FR901228 and Flavopiridol in Treating Patients With Advanced Lung, Esophageal, or Pleural Cancer

OBJECTIVES:

Primary

- Determine the maximum tolerated dose and dose-limiting toxic effects of FR901228
(depsipeptide) when administered with flavopiridol in patients with advanced primary
lung or esophageal cancer, malignant pleural mesothelioma, or lung or pleural
metastases.

- Determine the pharmacokinetics of this regimen in these patients.

Secondary

- Analyze gene expression in laser-captured tumor cells, buccal mucosa, and peripheral
blood mononuclear cells of these patients before and after treatment with this regimen.

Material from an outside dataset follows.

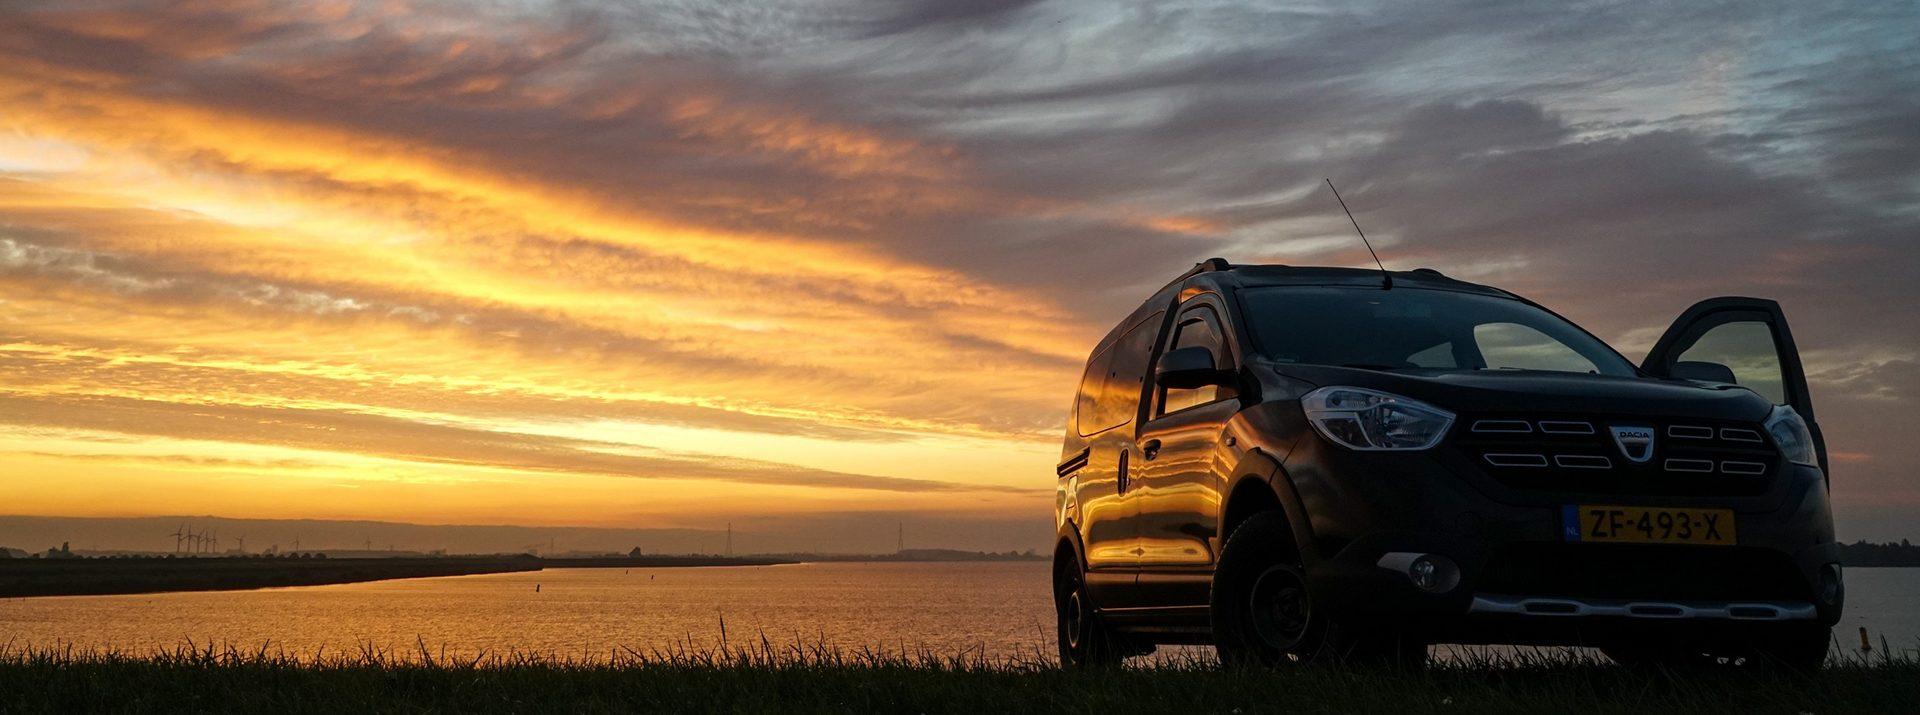 Dacia Dokker zonsondergang sfeerfoto

- Analyze mcl-1 protein expression and apoptosis in tumor biopsies from these patients
before and after treatment with this regimen.

OUTLINE: This is a dose-escalation study of FR901228 (depsipeptide).

Patients receive FR901228 IV over 4 hours followed by flavopiridol IV continuously over 72
hours beginning on days 1 and 15. Courses repeat every 6 weeks in the absence of disease
progression or unacceptable toxicity.

Cohorts of 3-6 patients receive escalating doses of FR901228 until the maximum tolerated
dose (MTD) is determined. The MTD is defined as the dose preceding that at which 2 of 3 or 2
of 6 patients experience dose-limiting toxicity. Six additional patients receive treatment
at the MTD.

PROJECTED ACCRUAL: A total of 48 patients will be accrued for this study within 1-2 years.